(a) Calculate the emf of the cell in which the following reaction takes place.

Ni (s) 2Ag⁺ (0.002 M) Ni²⁺ (0.160 M) + 2Ag (s)

Given that, E°_cell = 1.05 V

(b) Define electrochemical cell. What happens if external potential applied becomes greater than ${\mathrm{E}}_{\mathrm{cell}}^{\circ }$ of electrochemical cell?

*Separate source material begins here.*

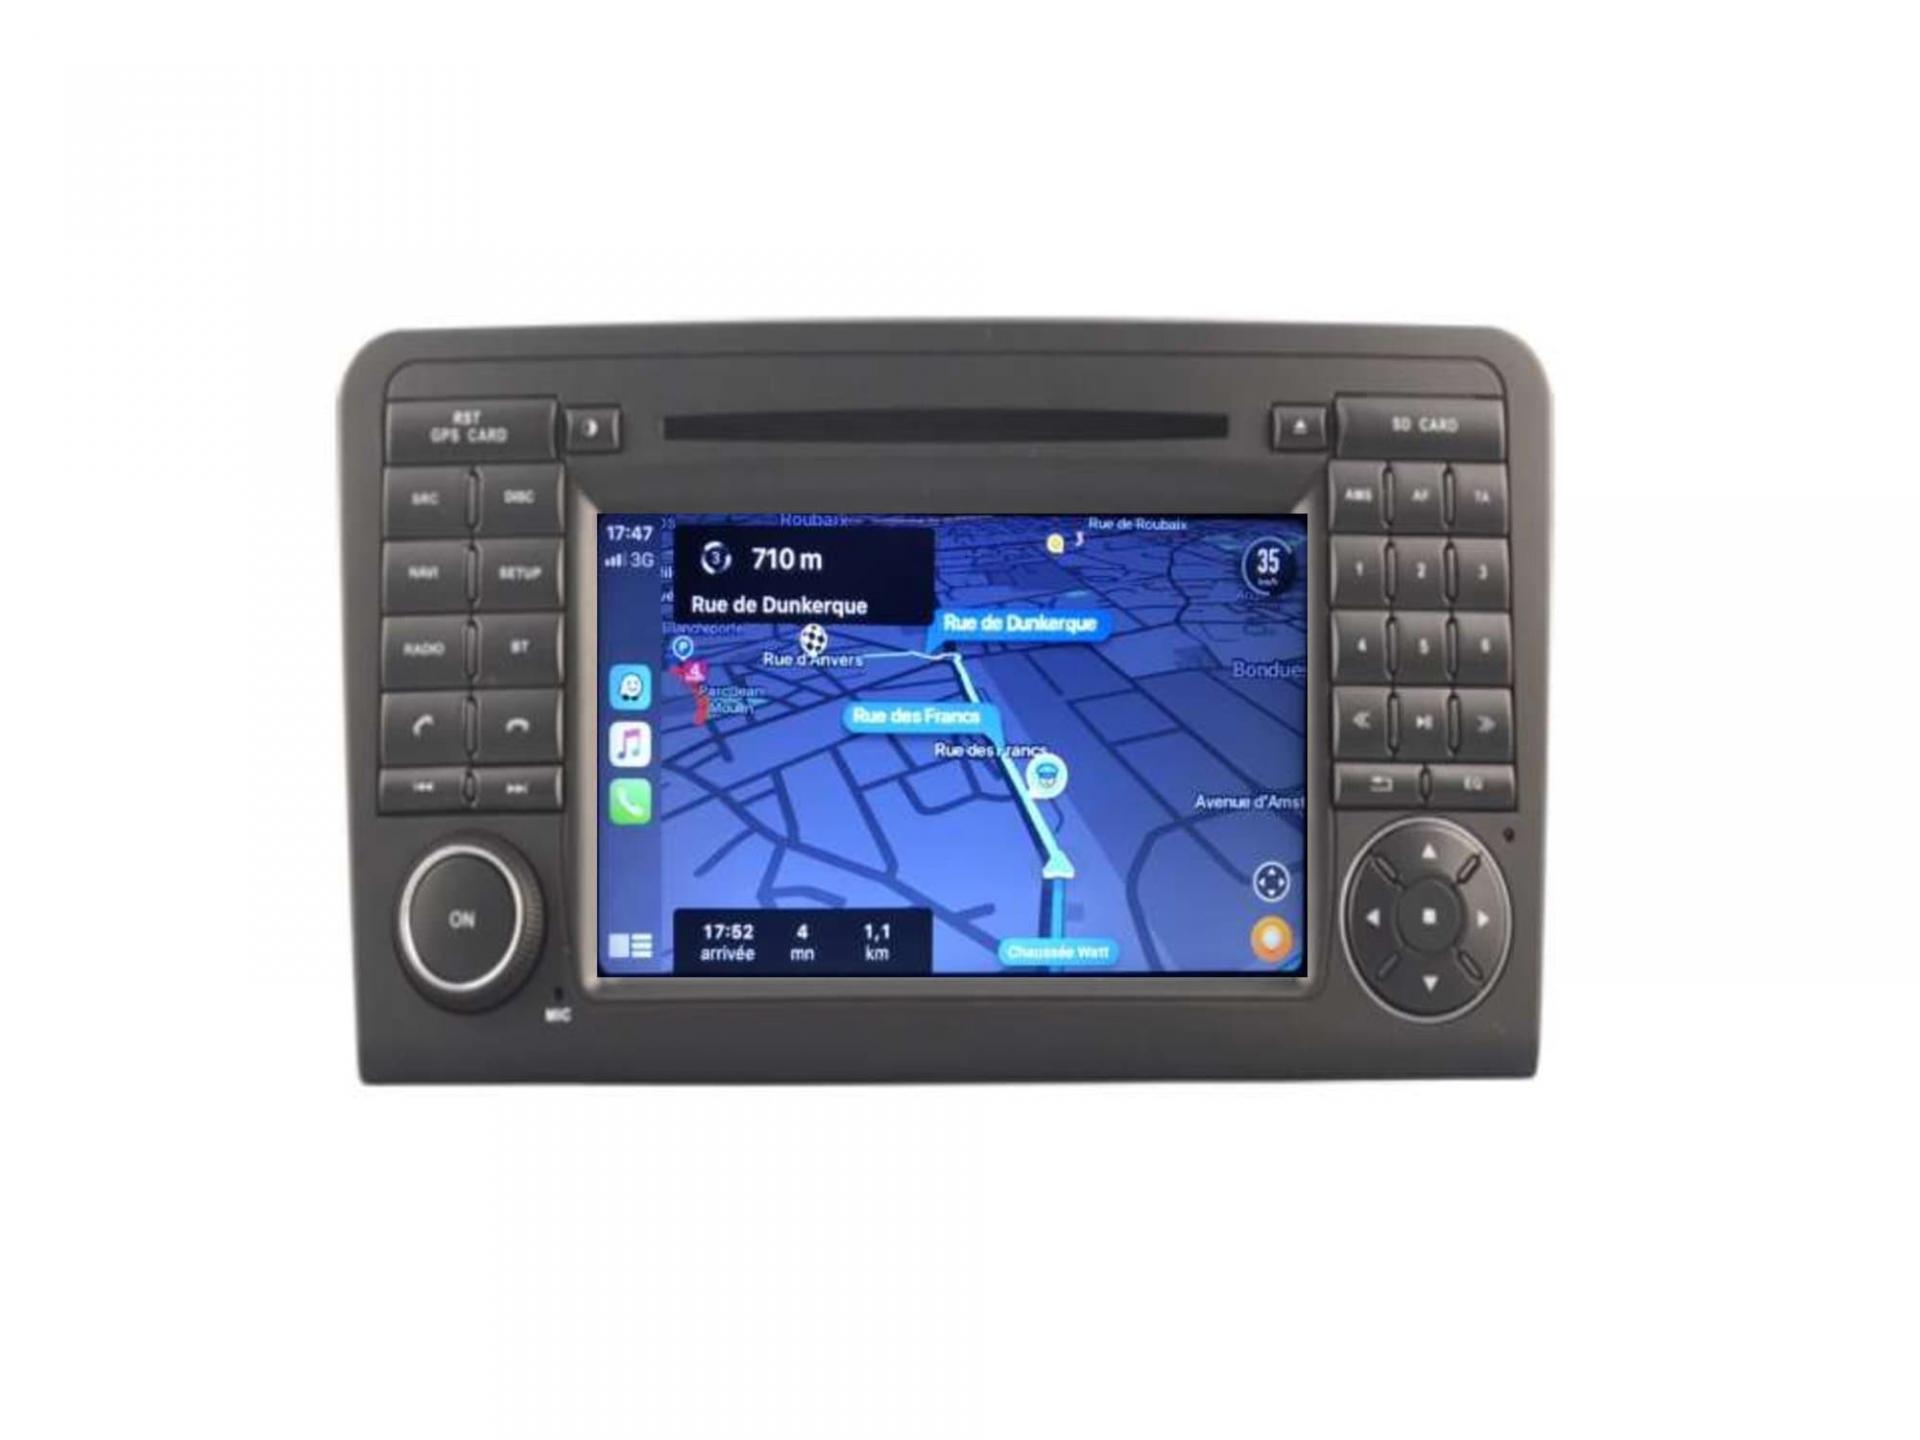 Autoradio gps carplay android auto gps bluetooth mercedes ml w164 1

(c) Calculate the potential of hydrogen electrode, which is in contact with a solution whose pH is 10.

OR

The resistance of a conductivity cell, when filled with 0.05 M solution of an electrolyte x, is 100 at 40°C. The same conductivity cell when filled with 0.01 M solution of electrolyte y, has a resistance of 50. The conductivity of 0.05 M solution of electrolyte x is 1.0 x 10^-4 S cm ^-1.

Calculate

(a) Cell constant.

(b) Conductivity of 0.01 M y solution

(c) Molar conductivity of 0.01 M y solution

(a) 
$\begin{array}{l}{\mathrm{E}}^{\circ }={\mathrm{E}}_{\text{cell }}^{\circ }-\frac{0.0591}{\mathrm{n}}\log \frac{\left[{\mathrm{Ni}}^{2+}\right]}{{\left[{\mathrm{Ag}}^{+}\right]}^2}\\ =1.05\mathrm{V}-\frac{0.0591}{2}\log \frac{(0.160)}{(0.002{)}^2}\\ =1.05-\frac{0.0591}{2}\log \left(4\times {10}^4\right)\\ =1.05-\frac{0.0591}{2}(4.6021)\\ =1.05-0.14=0.91\mathrm{V}\\ {\mathrm{E}}_{\text{cell }}=0.91\mathrm{V}\end{array}$

(b) Electrochemical cell is a device through which chemical energy changes to electrical energy. Current will flows in opposite direction as the chemical reaction of the cell is reversed. Opposing emf will be more than the cell.
(c) For Hydrogen electrode, ${\mathrm{H}}^{+}+{\mathrm{e}}^{-}⟶\frac{1}{2}{\mathrm{H}}_2$
Applying Nernst equation, 
$\begin{array}{l}{\mathrm{E}}_{\left({\mathrm{H}}^{+}/1/2{\mathrm{H}}_2\right)}={\mathrm{E}}_{\left({\mathrm{H}}^{+}/1/2{\mathrm{H}}_2\right)}^{\circ }-\frac{0.0591}{\mathrm{n}}\log \frac{1}{\left[{\mathrm{H}}^{+}\right]}\\ =0-\frac{0.0591}{1}\log \frac{1}{\left({10}^{-10}\right)}\left[\mathrm{pH}=10;\left[{\mathrm{H}}^{+}\right]={10}^{-10}\mathrm{M}\right]\\ =0-\frac{0.0591}{1}\times (10\log 10)=-0.591\mathrm{V}\end{array}$
${\mathrm{E}}_{\left({\mathrm{H}}^{+}/1/2{\mathrm{H}}_2\right)}=-0.591\mathrm{V}$

OR

(a) 
$\text{ Cell constant, }{G}^{\ast }=\text{ resistance }\left(R\right)\times \text{ conductivity }\left(k\right)$
$=100\times 1.0\times {10}^{-4}={10}^{-2}{cm}^{-1}$
(b)  Conductivity of solution y,
$\mathrm{\kappa }=\frac{\text{ Cell constant }}{\text{ Resistance }}=\frac{{10}^{-2}}{50}=2\times {10}^{-4}\mathrm{S}{\mathrm{cm}}^{-1}$

(c)  Molar conductivity of solution y 
${\mathrm{\Lambda }}_{\mathrm{m}}=\frac{\kappa \times 1000}{\text{ Molarity }}=\frac{2\times {10}^{-4}\times 1000}{0.01}=20\mathrm{S}{\mathrm{cm}}^2{\mathrm{mol}}^{-1}$